WHAT THE EXERCISE ASKS — Return exactly the span that opens with the line containing "Chevrolet Sail Hatchback" and closes with the final line of the records, both included.

(GIVEN RECORDS Opens)

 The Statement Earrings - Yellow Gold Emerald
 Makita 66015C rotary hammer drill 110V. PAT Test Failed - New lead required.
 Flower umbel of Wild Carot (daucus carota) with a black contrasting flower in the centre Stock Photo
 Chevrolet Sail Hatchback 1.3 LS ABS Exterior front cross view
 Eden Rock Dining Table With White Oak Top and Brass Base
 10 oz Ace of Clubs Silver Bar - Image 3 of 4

(GIVEN RECORDS Closes)

WORKED SOLUTION —
 Chevrolet Sail Hatchback 1.3 LS ABS Exterior front cross view
 Eden Rock Dining Table With White Oak Top and Brass Base
 10 oz Ace of Clubs Silver Bar - Image 3 of 4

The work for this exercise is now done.